■ Task item: Your answer must be a word-for-word copy of the listing, with all pictures excluded.

■ Information provided:
○ ○ ○

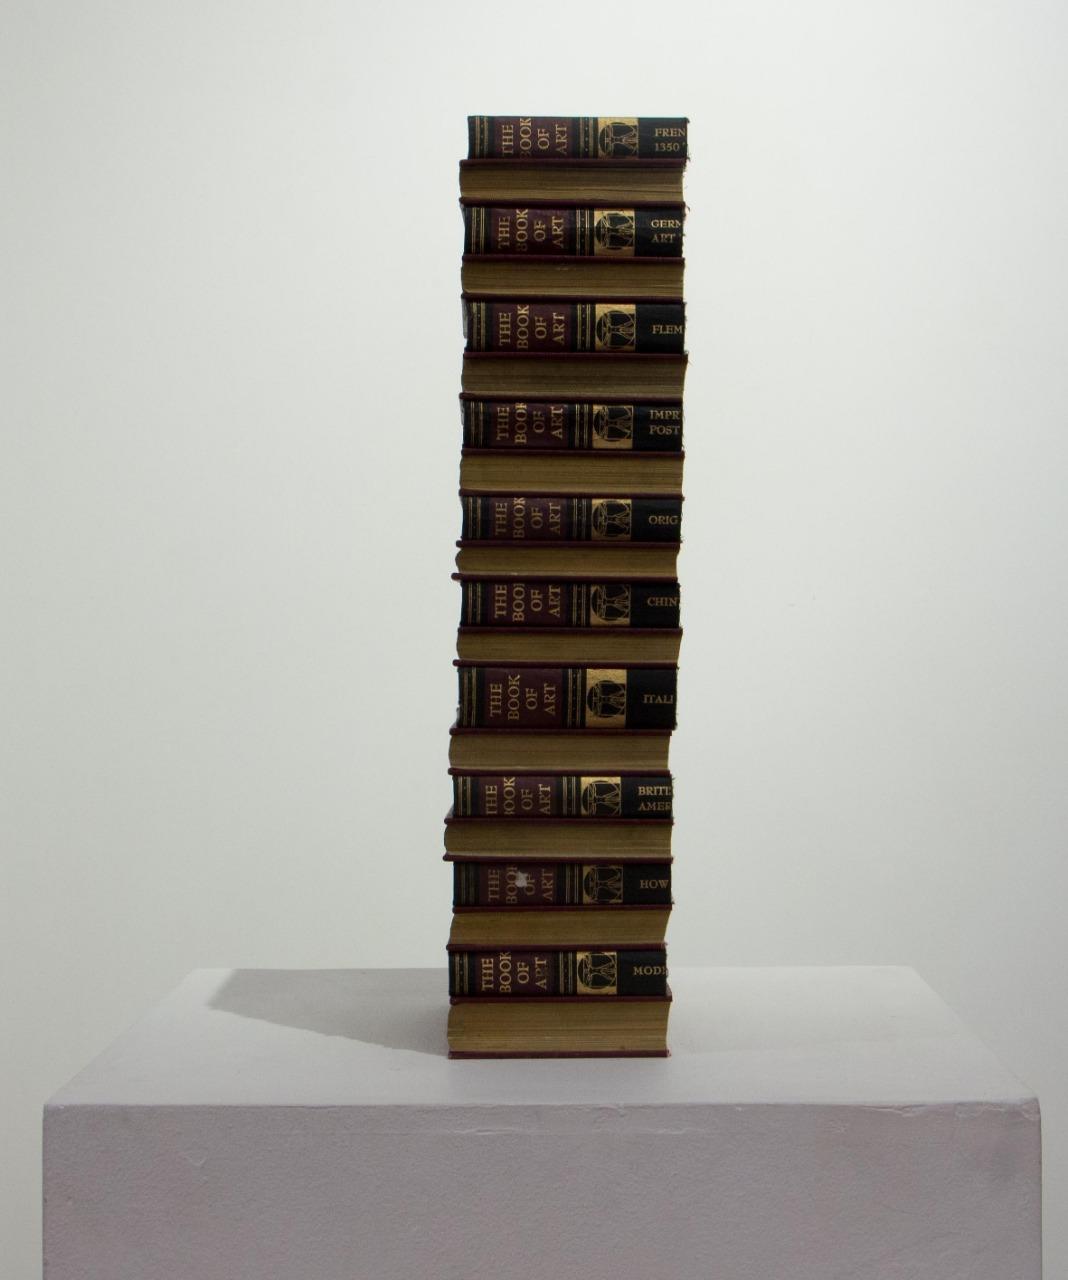 1/3 de la Historia, Sergio Zamora, 2018. Arte objeto, 12 x 52 x 22cm, livros.
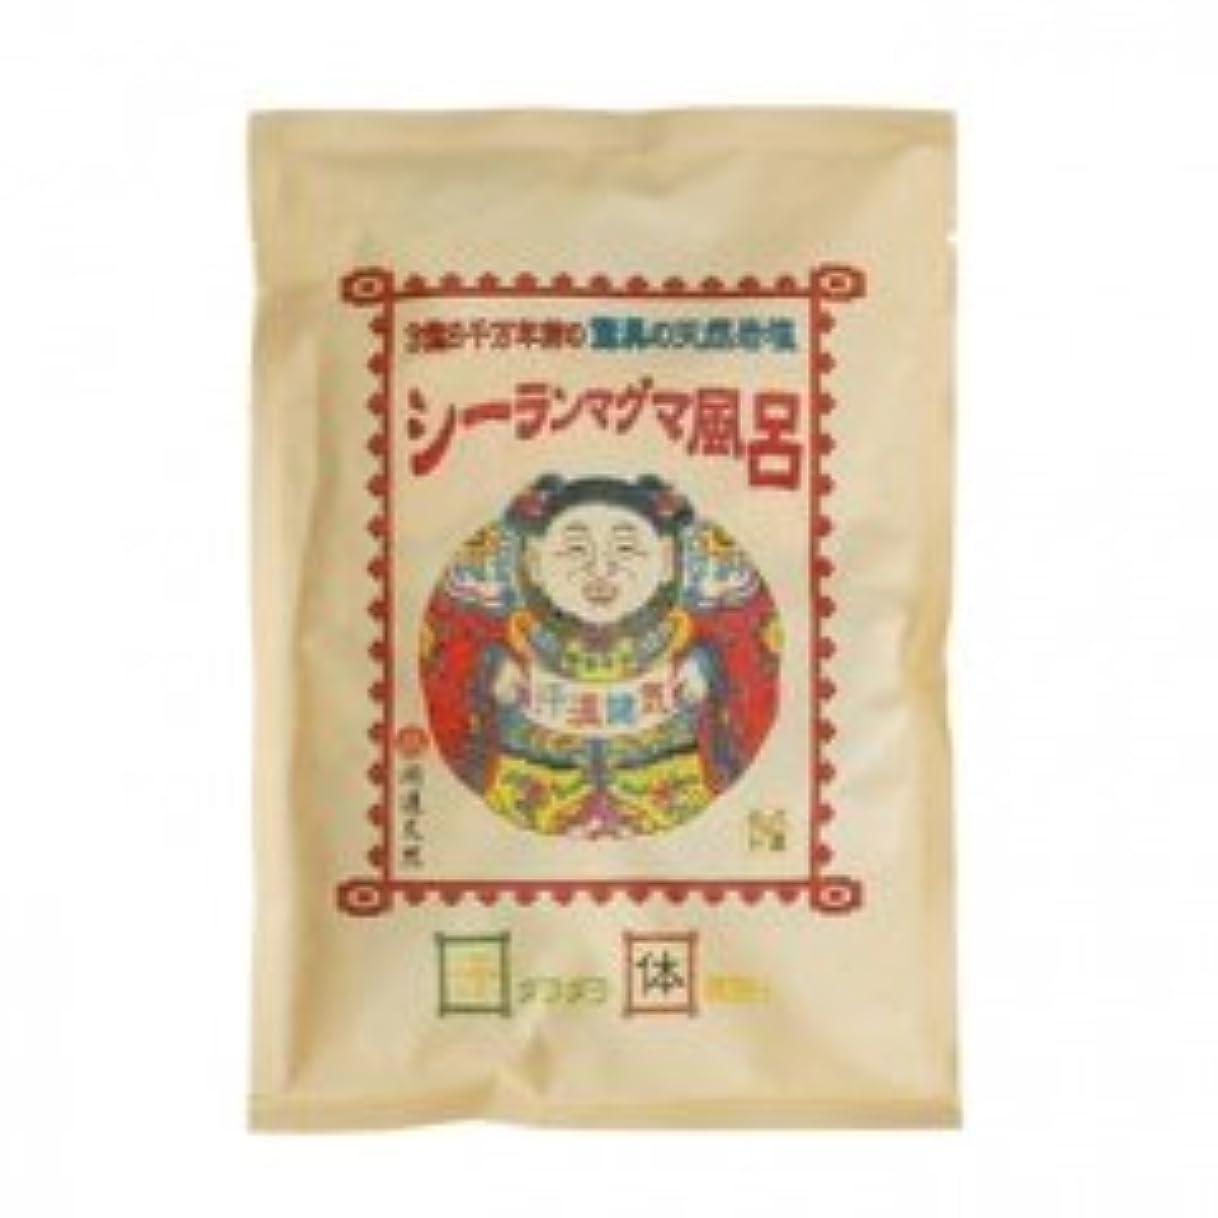 香水魅了する流用する元祖シーランマグマ風呂 25g×45
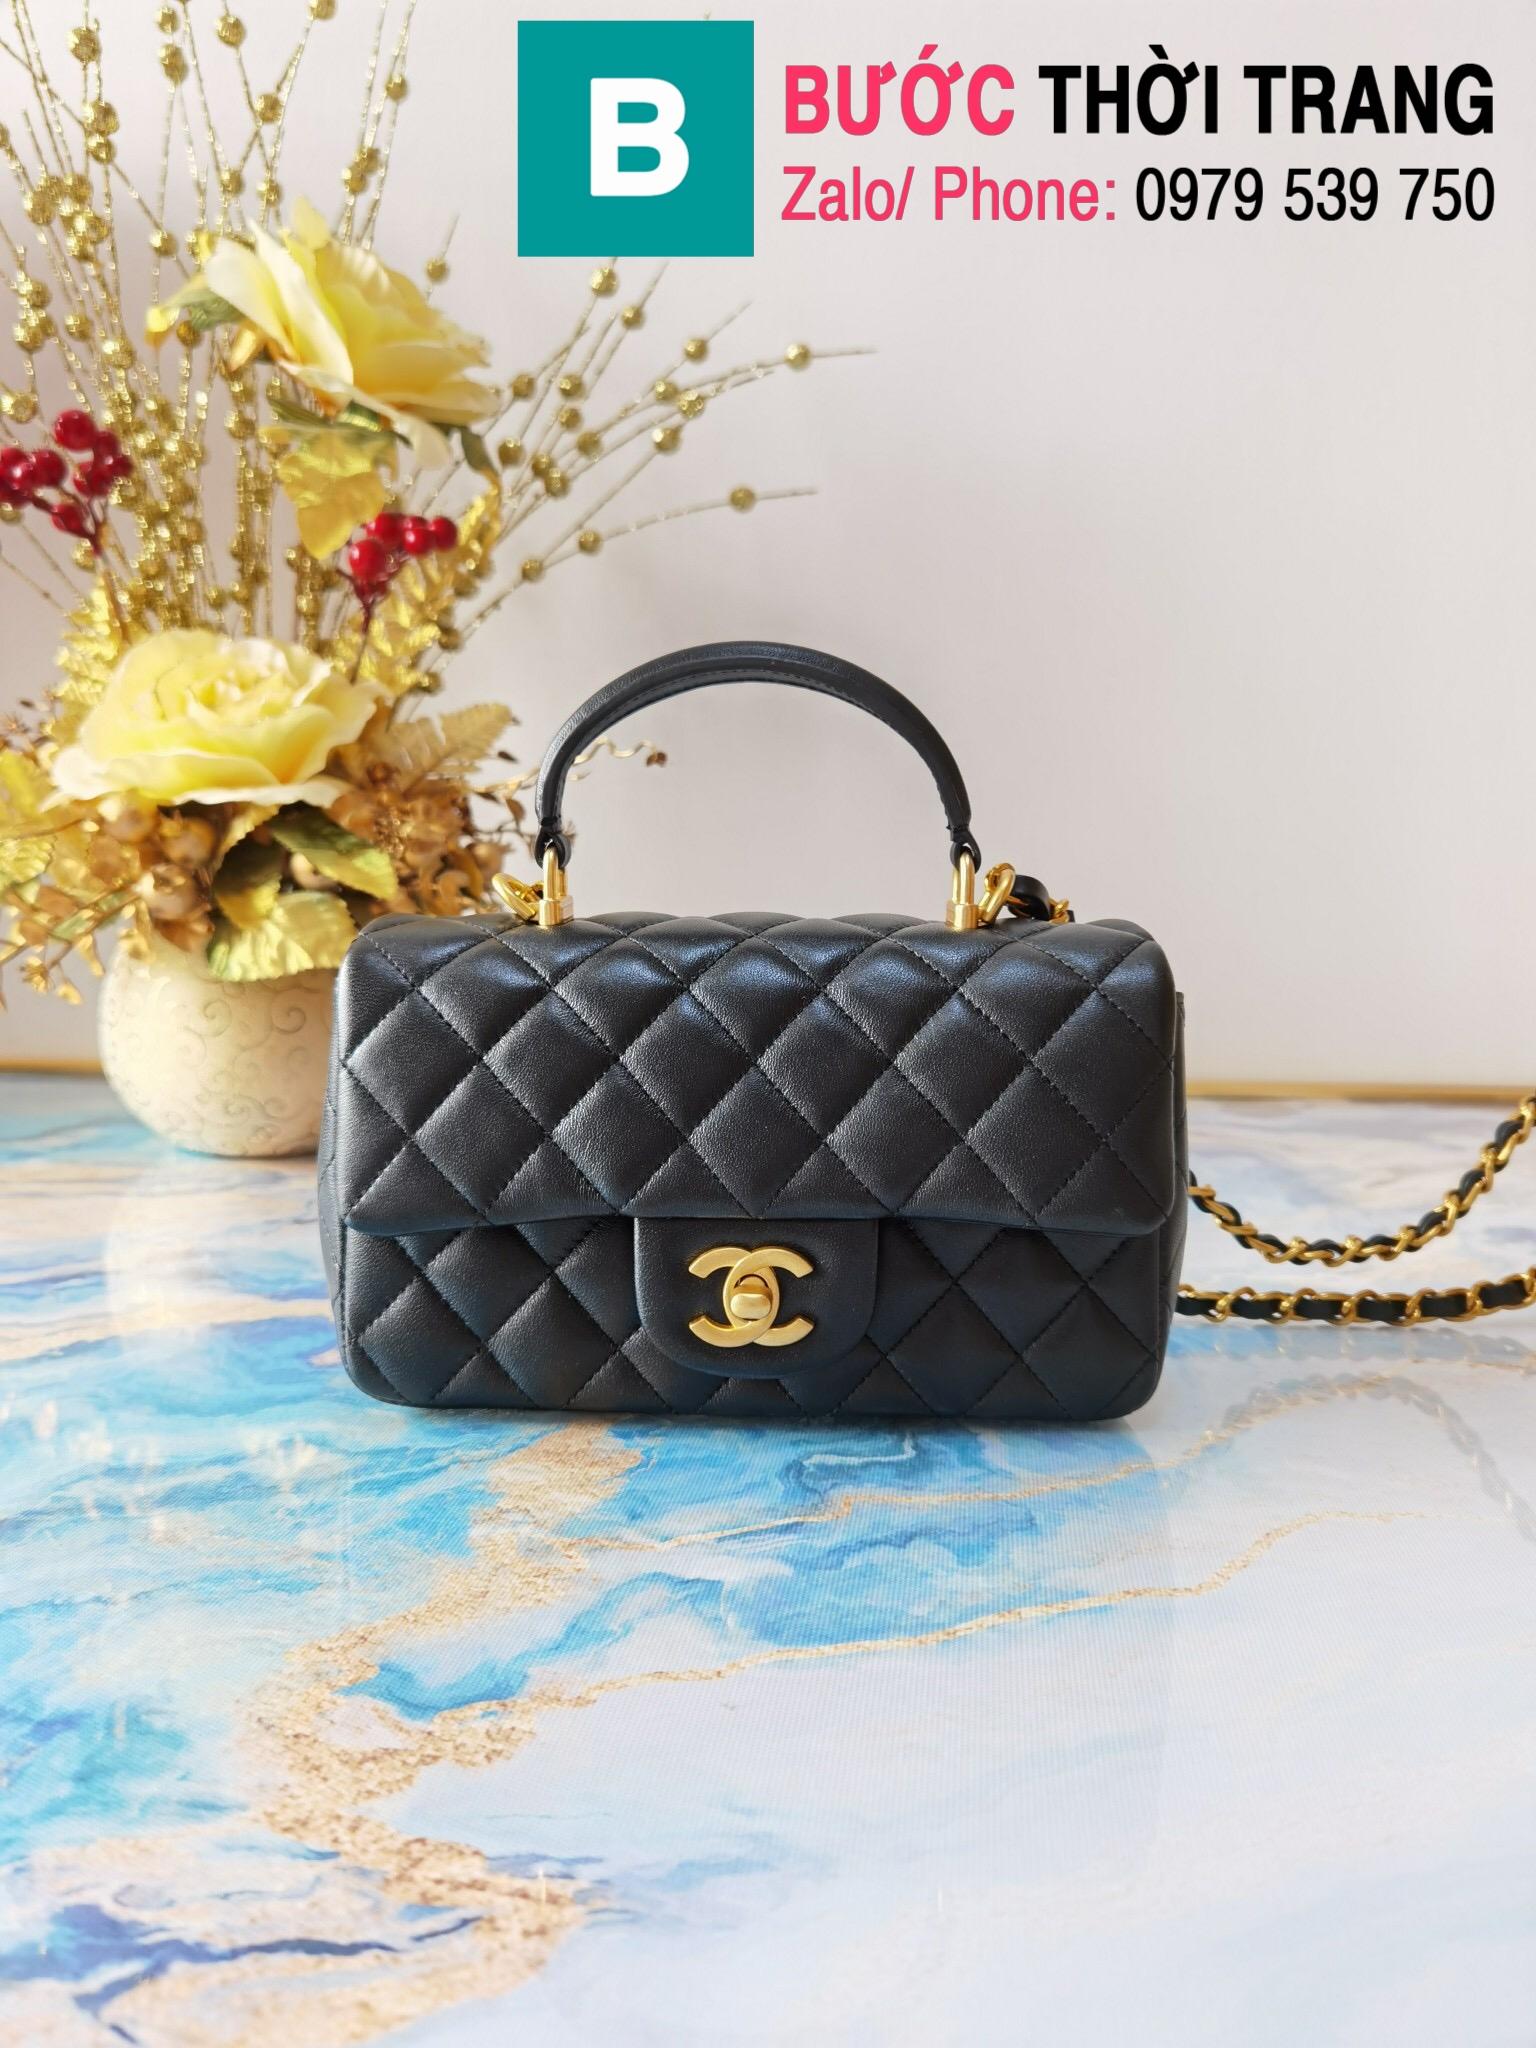 Túi xách Chanel mẫu mới 2021 (1)

○ ○ ○

■ Your solution:
 1/3 de la Historia, Sergio Zamora, 2018. Arte objeto, 12 x 52 x 22cm, livros.
 香水魅了する流用する元祖シーランマグマ風呂 25g×45
 Túi xách Chanel mẫu mới 2021 (1)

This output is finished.